Pour installer une ancre, il faut créer une association entre une réponse désirée et un stimulus qu’il est possible de reproduire facilement. Dans la métaphore ci-dessus, le stimulus "odeur de pâtisserie" a déclenché une réponse "de bien être et de sérénité". Dans un cadre thérapeutique, il n’est pas pratique d’utiliser une odeur pour déclencher une réaction chez un client. Il est préférable d’utiliser des ancres visuelles (gestes ou images), des ancres auditives (sons ou mots) et des ancres kinesthésiques (toucher).
La première étape de l’installation consiste à amener le client à se replacer dans l’état ressource, à faire comme si il la revivait de nouveau maintenant. Si c’est la confiance que l’on souhaite ancrer, il faut demander à la personne de se souvenir d’une expérience où elle a déjà fait l’expérience de la confiance et de se placer dans la même disposition.
Lorsque les signes vitaux (expressions du visage, respiration, etc.) indiquent que la personne fait l’expérience de l’état choisi, il suffit d’introduire le stimulus (par exemple : une légère pression sur le bras). Le cerveau fusionne alors ces deux éléments et les considére comme étant une expérience unique.
Lorsque l’ancre est bien établit, le simple fait de l’activer (en touchant le bras au même endroit) permet d’accéder à l’expérience ressource (confiance dans ce cas). La ressource devient ainsi disponible au besoin.
Pour réussir à installer une ancre, quelques facteurs doivent être pris en considération :
- Ce sont les émotions qui sont ancrées à des fins thérapeutiques. Nous demandons aux clients de se souvenir d’une expérience précise uniquement pour s’en servir comme support. Il n’est donc pas nécessaire d’avoir un souvenir détaillé de l’anecdote.
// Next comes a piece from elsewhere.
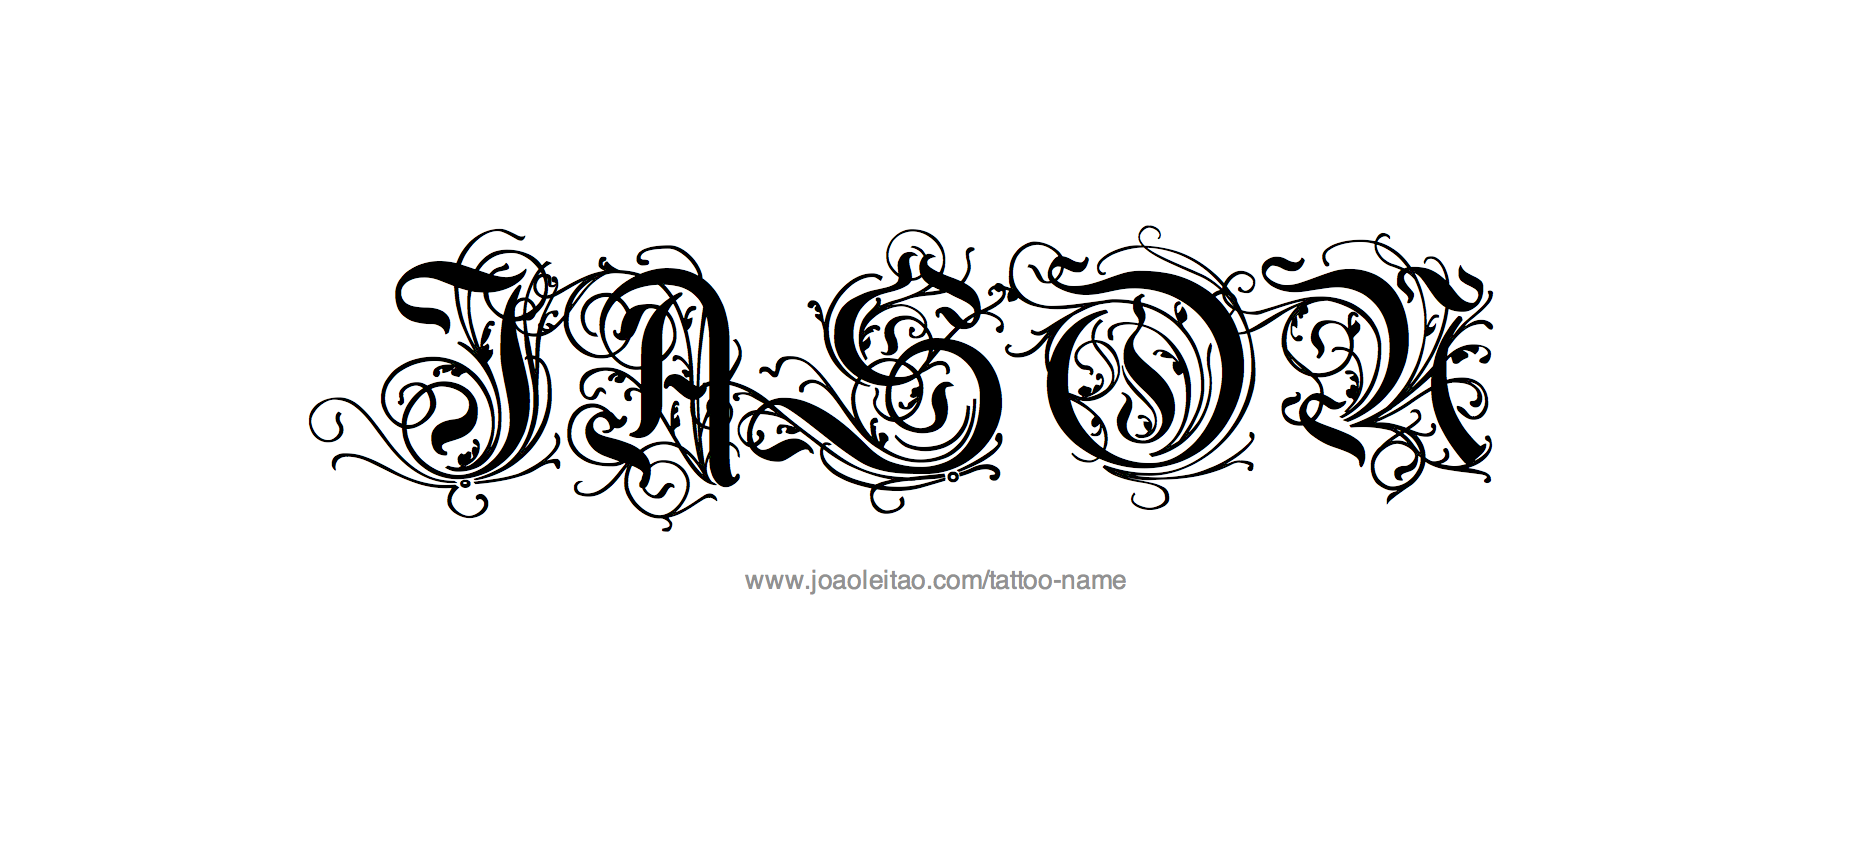 Jason Name Tattoo Designs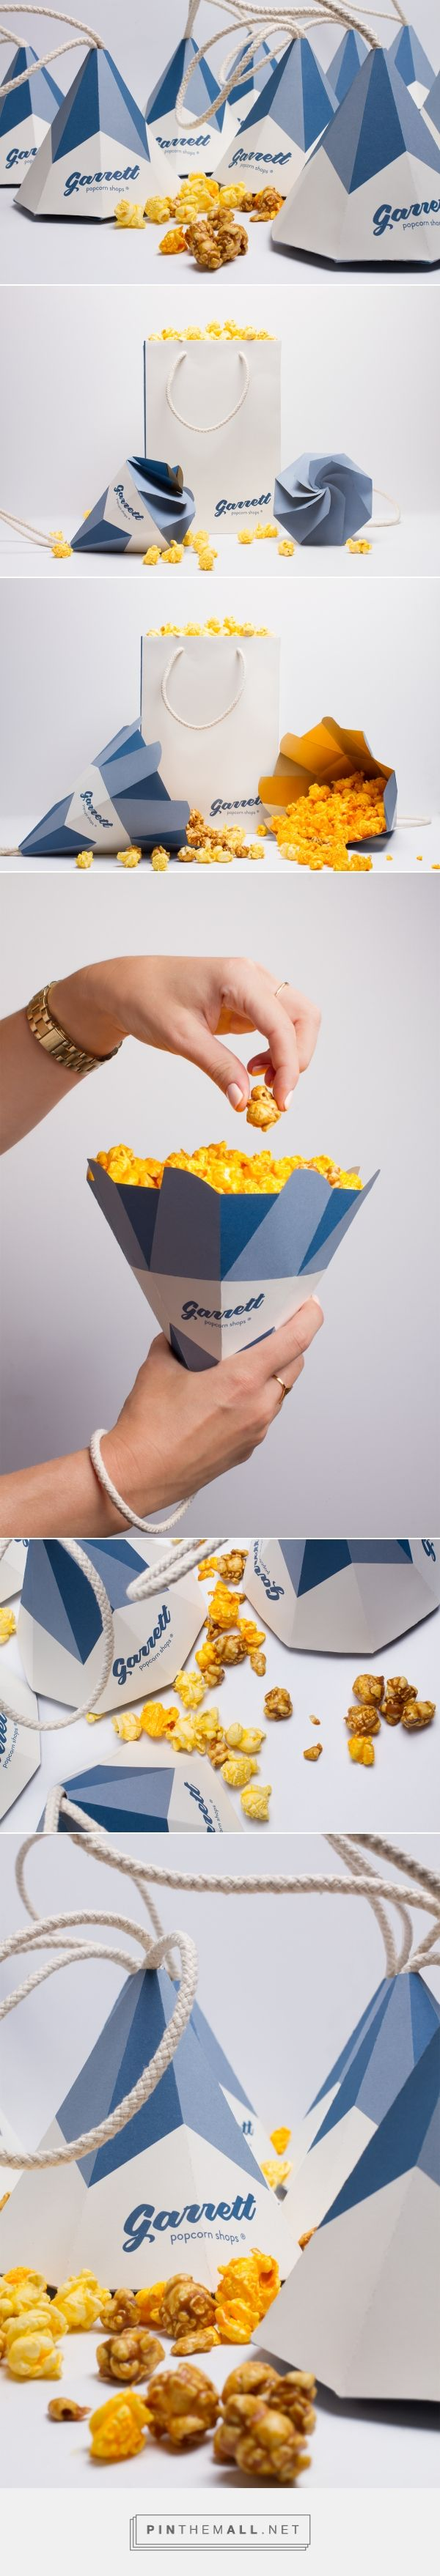 Garrett Popcorn Shops Cones packaging design concept by Jennifer Mulvihill - http://www.packagingoftheworld.com/2017/01/garrett-popcorn-shops-cones-student.html

- Les ancres doivent être installées au moment précis où la personne accède à l’expérience ressource. Une fois ce moment passé, l’expérience devient consciente et il devient plus difficile d’atteindre les émotions.
- Lorsqu’une ancre est activée, le souvenir conscient de l’expérience ne surgit pas nécessairement. Par contre, les signes vitaux qui témoignent de la présence d’un état ressource sont observables.
- Tous les états auxquels sont associés des composantes émotives peuvent être ancrées (surprise, bonheur, colère, scepticisme, humour, lâcher- prise, acceptation, etc.).
- Il est possible de "cumuler " les ressources en ancrant plusieurs expériences à l’aide du même stimulus. Si, à titre d’exemple, le mot "bravo" est associé à des expériences de joie, de confiance et d’acceptation, l’activation de cette ancre va faciliter l’accès simultané à tous ces états. (La personne fera alors l’expérience d’un état constitué de la synthèse de plusieurs expériences).
- Les ancres ne sont pas une technique d’intervention en soi. Elles sont par contre utilisées régulièrement comme étant une composante importante de plusieurs techniques d’intervention.
Exercice pratique :
Installer une ancre
- Calibrez cet état en observant les signes vitaux observables lorsqu’elle accède à cette expérience de manière à pouvoir détecter ultérieurement la présence de ce même état.